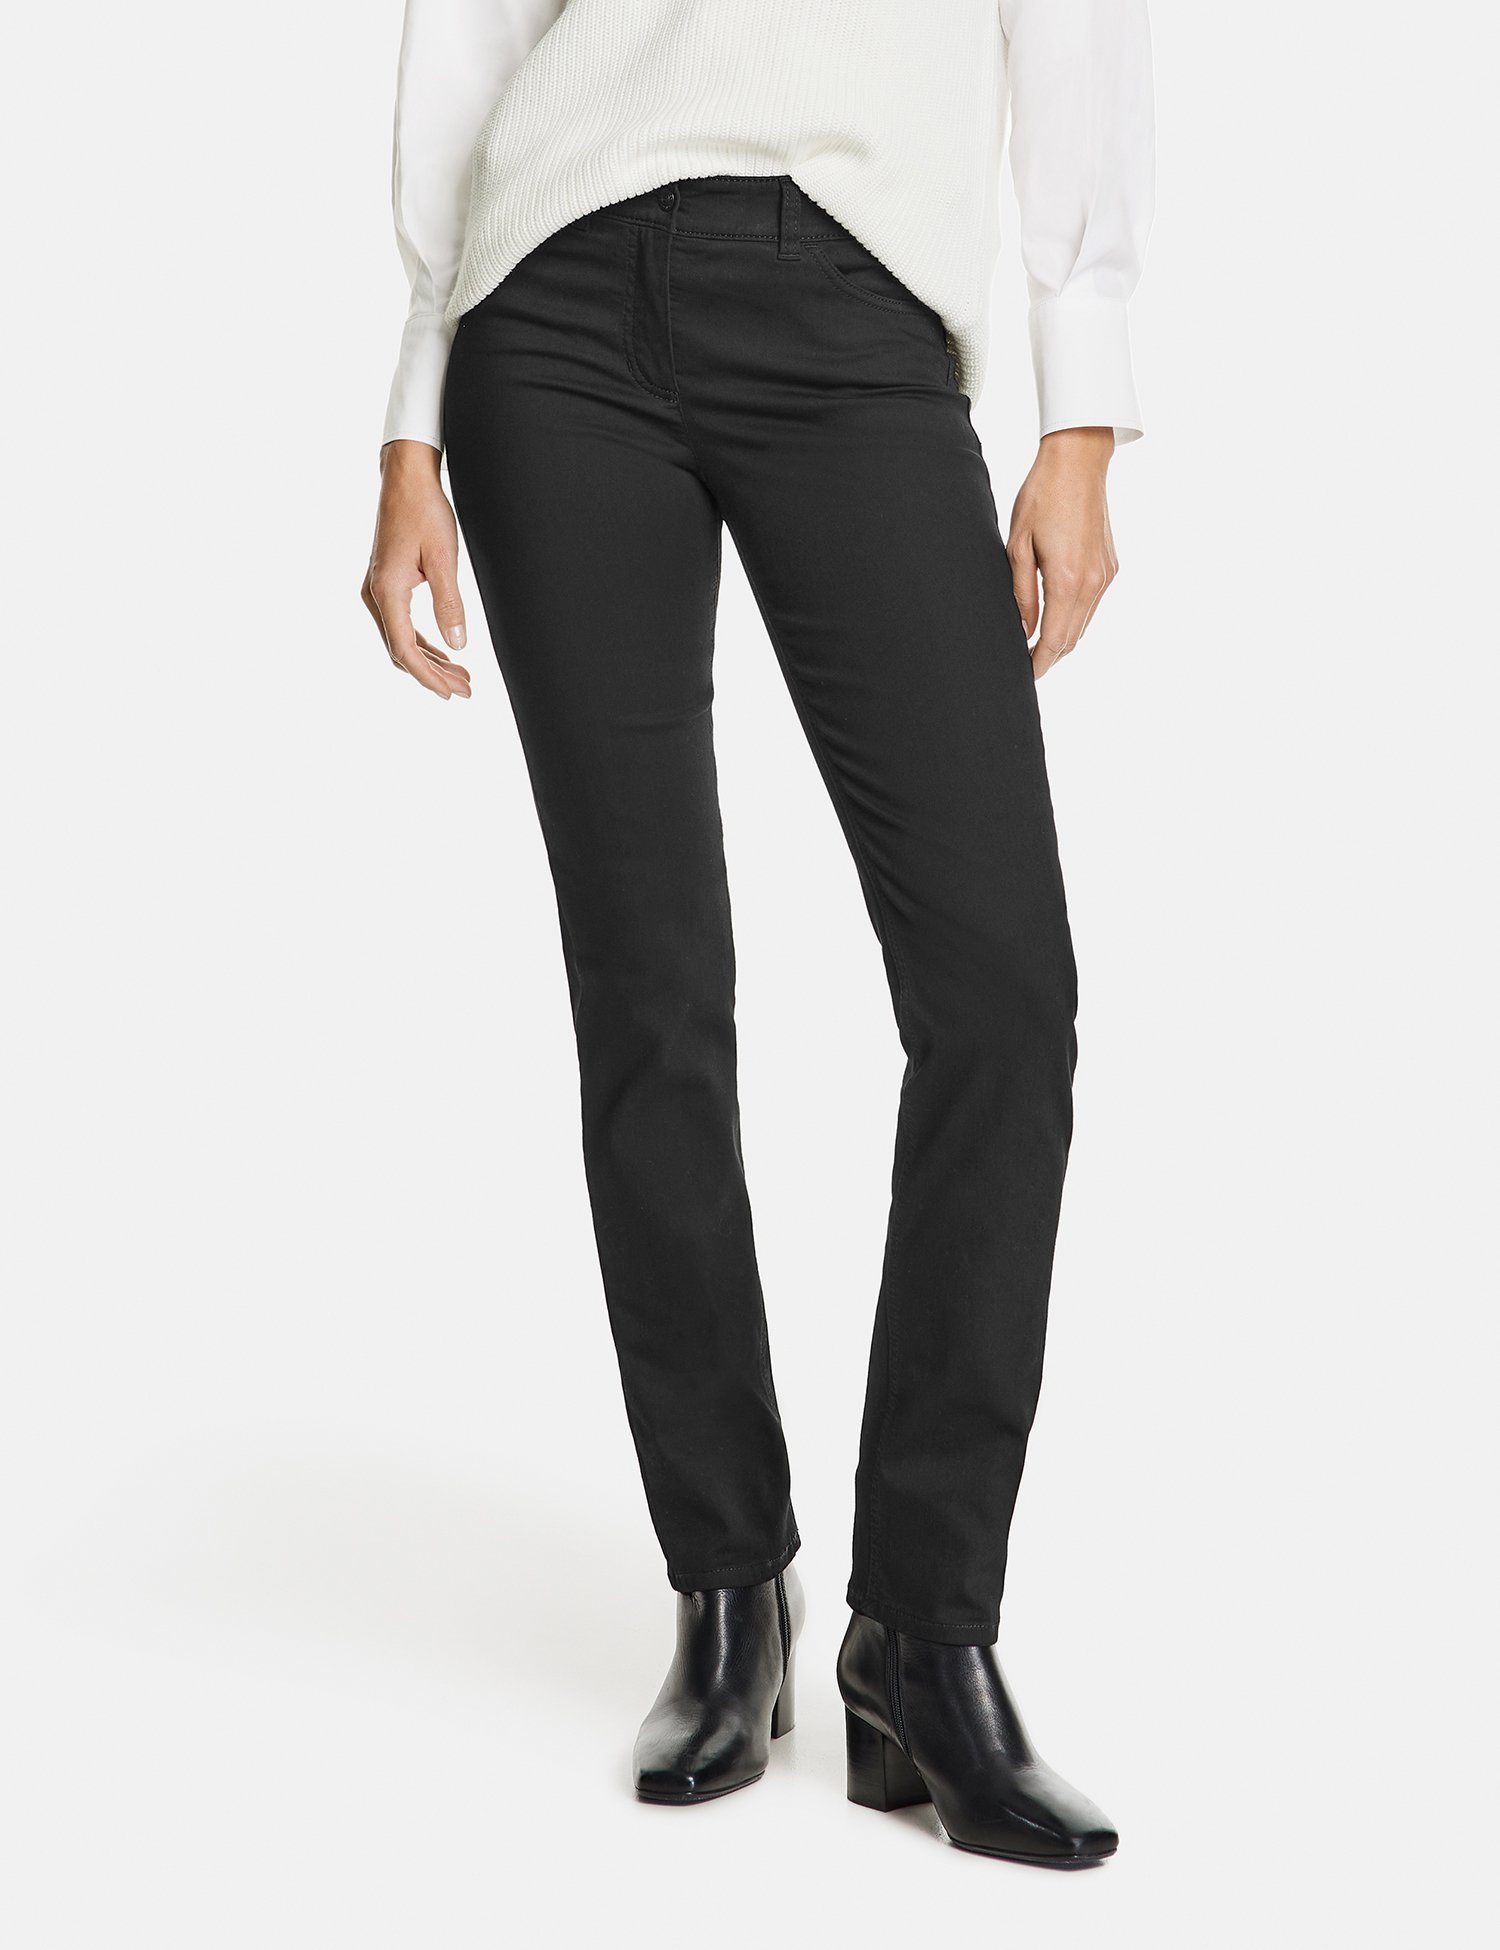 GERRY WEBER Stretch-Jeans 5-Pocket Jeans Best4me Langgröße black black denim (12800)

================================

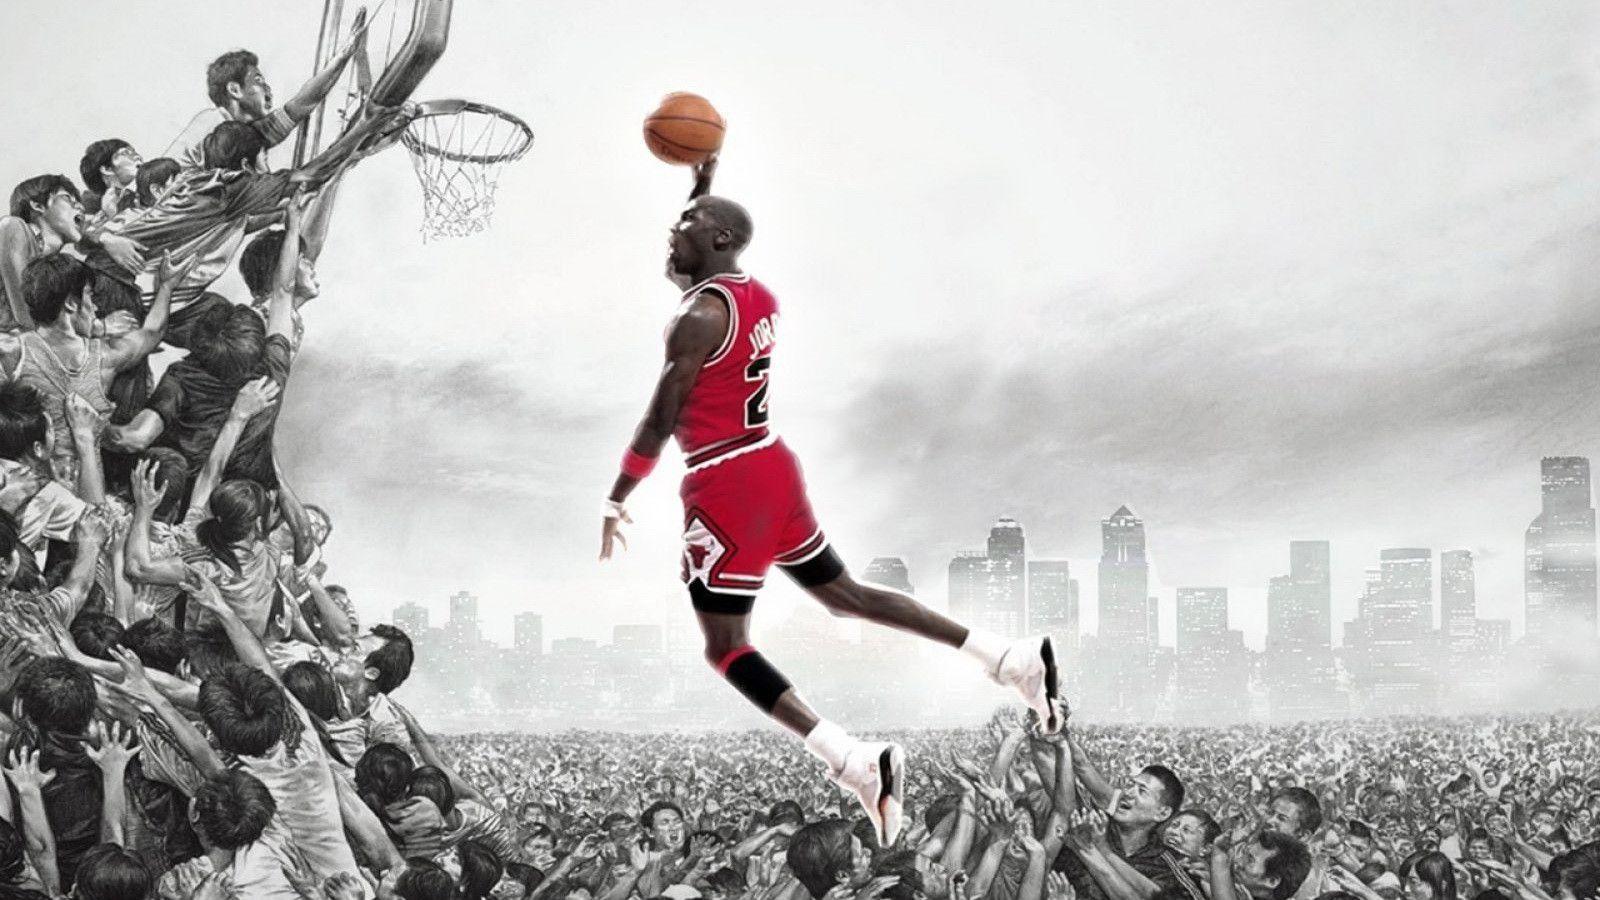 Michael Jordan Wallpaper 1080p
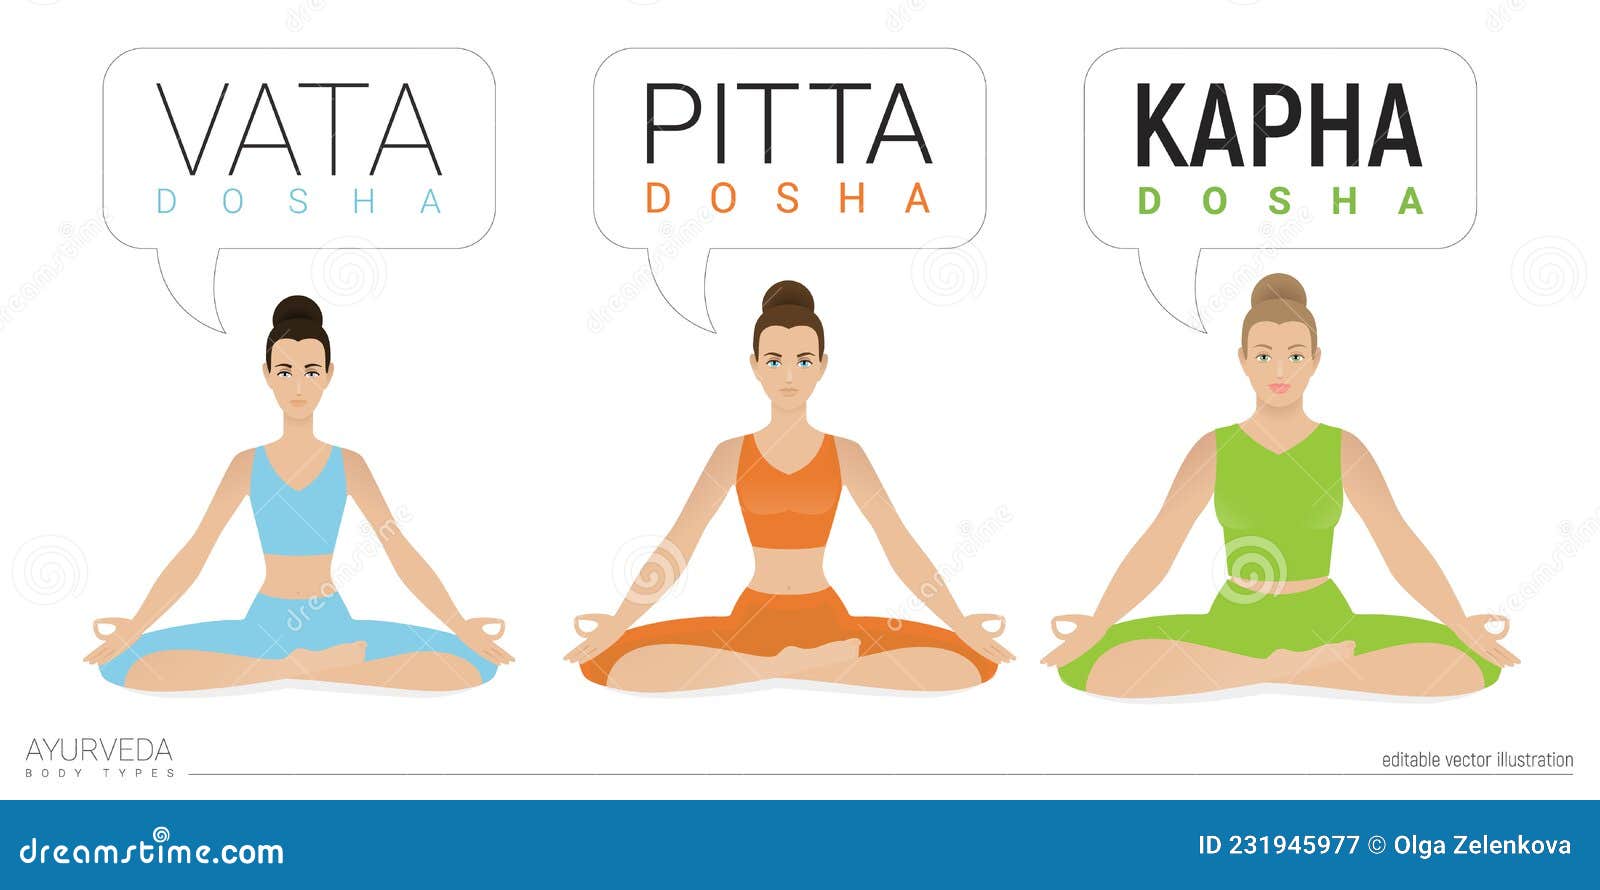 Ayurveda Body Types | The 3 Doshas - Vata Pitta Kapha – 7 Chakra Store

================================

**DIRECTIONS**: When you reach the line with "Michael Jordan Wallpaper 1080p" in the records above, begin repeating the lines exactly, and stop after the line with "Ayurveda Body Types". Skip all pictures.

**ANSWER**:
 Michael Jordan Wallpaper 1080p
 Ayurveda Body Types | The 3 Doshas - Vata Pitta Kapha – 7 Chakra Store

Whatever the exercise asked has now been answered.